The instruction I never imagined: a shaking-hand call, barefoot on the summer deck, to the pediatric mental health crisis line, the sound of the well-meaning support worker’s voice haunting my ears: “Three years. The waitlist is three years.”
The instructions read: nothing that got you here will carry you further.
Dear reader, I must break the spell I’m weaving here to say this: I’m sitting here, staring at the words I’ve just written. Nothing that got you here will carry you further. This moment – this one I’m writing and you’re reading – is the first I’ve articulated these instructions as succinctly. That sentence seems to have come through me, not of me, and I’m not sure what to write next. Because I don’t know what’s next.
When I first imagined writing this, I imagined it as some kind of listicle – that seductress of the blog world who promises five steps, or ten, to all manner of Being Better Than You Are Now. It would read: Rituals for Your Milestone Birthday, or, all smoke and mirrors, How To Have An Empowered Midlife.
But perhaps, in fact, the reality is that midlife spits in the face of simplicity.
And so.
I am packing my bags. I read somewhere, back in my traveling days, that the best way to pack is to make a pile of everything you think you might need, and then take away half of it and add twice as much money. It’s good advice if you can take it, and my whole family still teases me about the way I pack for trips.
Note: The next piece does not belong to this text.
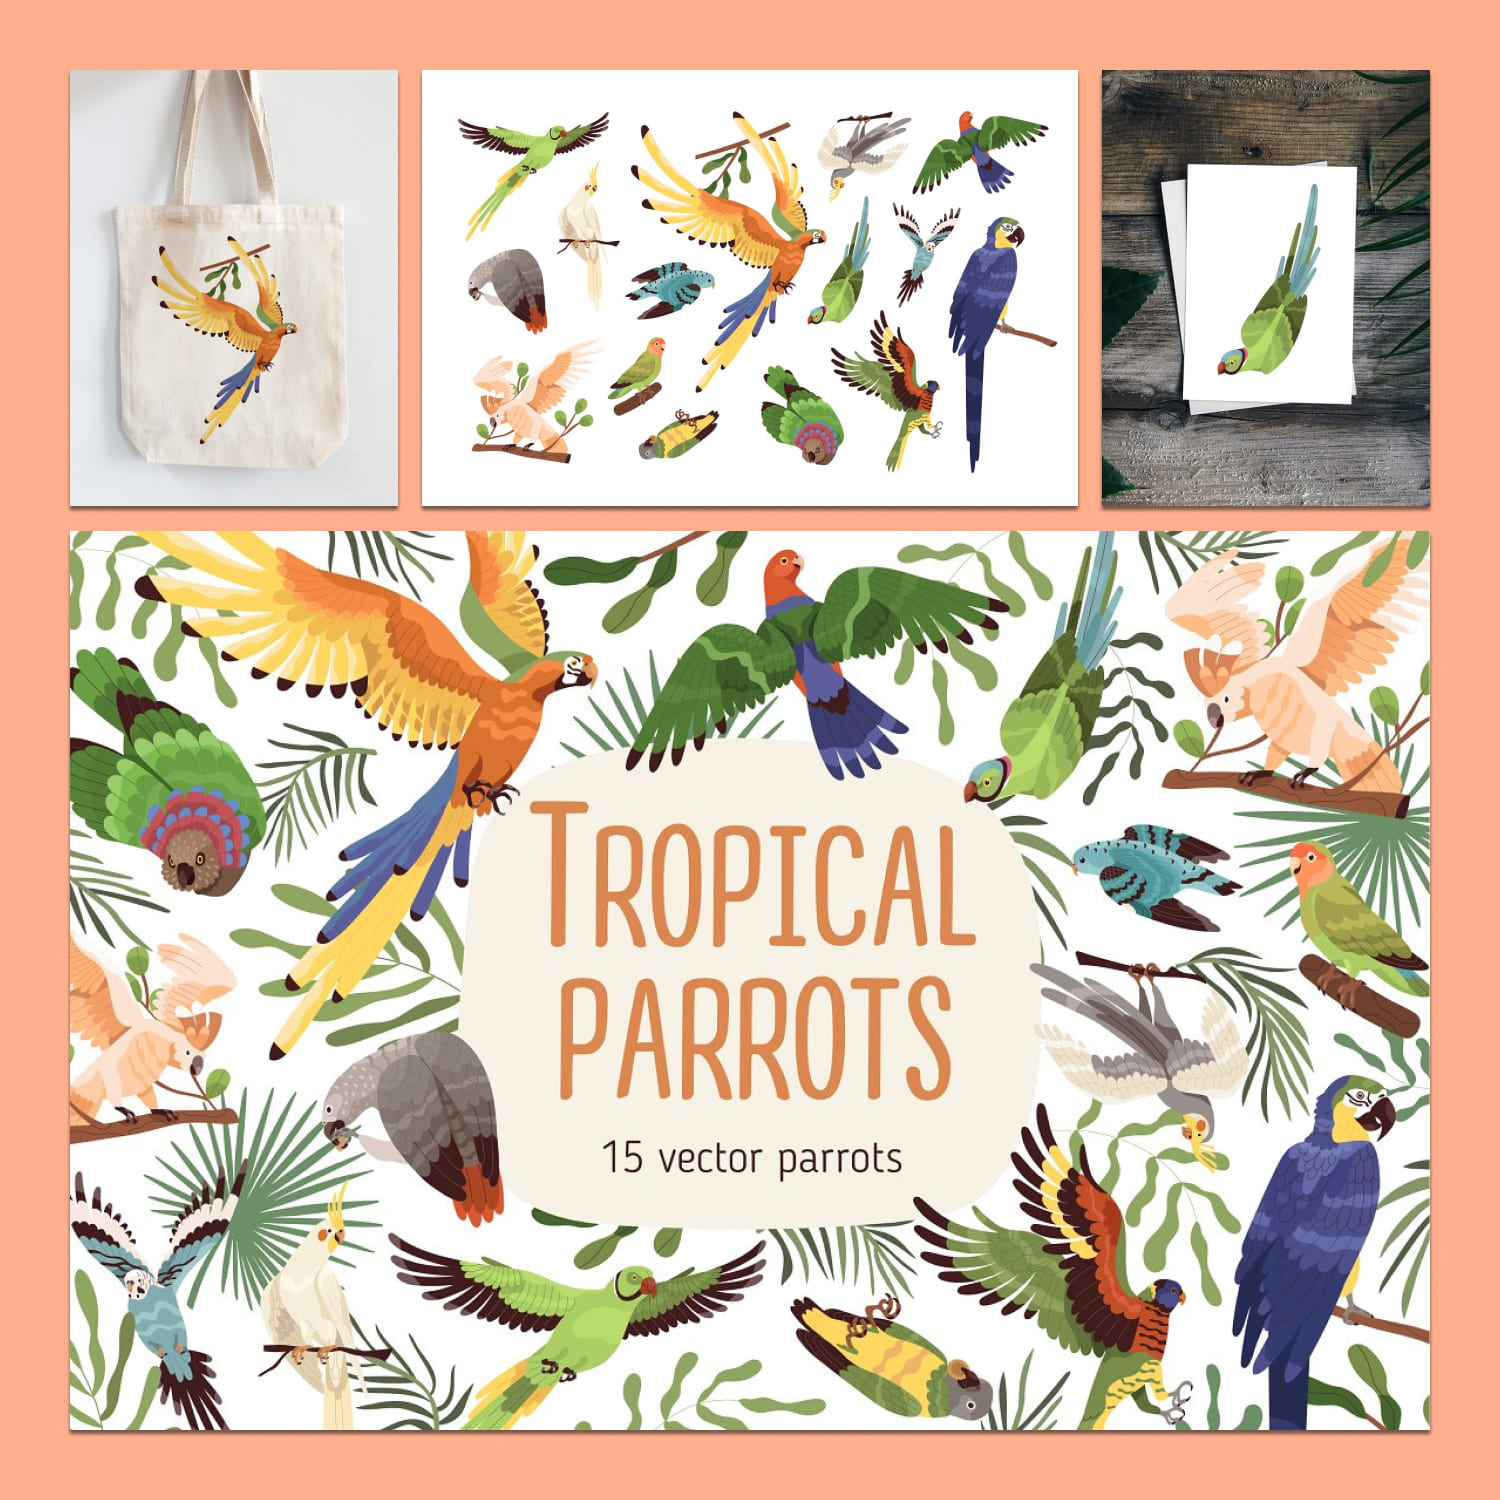 Tropical parrots set created by Good Studio.

In my pile this time around: twenty years of journals, mined for golden threads of identity, forgotten dreams, letters unsent. A pen, paper; always. One trusted healer, the woman who held me as I roared my babies into this world and the one who stands by me still as I roar myself into this world. Many, many silent hours of solitude, and if I’m being honest, many more of chaotic mothering, because everything is sacred. The Earth; always.
I know the shape of the horizon and the tasks laid ahead.
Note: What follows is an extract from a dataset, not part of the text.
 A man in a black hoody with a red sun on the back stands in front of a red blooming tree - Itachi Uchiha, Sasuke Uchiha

Unlike the tasks of the first half of my life, my success will not be measured – there is no healthy baby to hold, no title to bear, no stalwart home on the ocean’s edge to assure me of my place in the world. There will be no completion, for the tasks of my midlife – and maybe yours too – are practises of the everyday, not promises of an ideal future. And nothing that got me here will take me further: I cannot rely on my intellect, my ambition, my will or my privilege to inform me. In the pile of resources for this journey, these make up the half I must leave at the trailhead. I will pack not twice as much money, perhaps, but twice as much love, to be sure; perhaps even three times more compassion.
Reader, I am struggling here, for I want to tell you the tasks I have discerned, and I also don’t. I have written them and erased them five or eleven times now, and I fear words actually diminish them, somewhat. I fear they will read a bit trite, though they are threads of truth that I have spent months – maybe years – following through the fabric of my life, seeing here, how they’ve held me together, and here, where they must be unravelled. Perhaps they will read a bit trite because they are in many ways – those universal truths we read on the pastel covers of this year’s daily planner: Love Yourself, You Are Worthy, and all those other tasks easier said than done that have become throwaway lines, wilted with overuse.
And so, these tasks I will hold close to my chest for now, for they are raw and precious to me.
But perhaps you’ll know them the next time we meet – perhaps – and you notice that there is an ease in the corner of my eyes. Perhaps we’ll embrace and you’ll feel me to be someone who is settled in her bones. Perhaps my laugh will be easier, and you’ll sense in my words the contours of my integrity, my authenticity – gosh, perhaps, even, (that word I am so shy to use) my soul. And I hope that you’ll feel a belonging, one that draws us inexplicably closer together and invites our hearts to speak to one another – that you might find a home in me and I in you.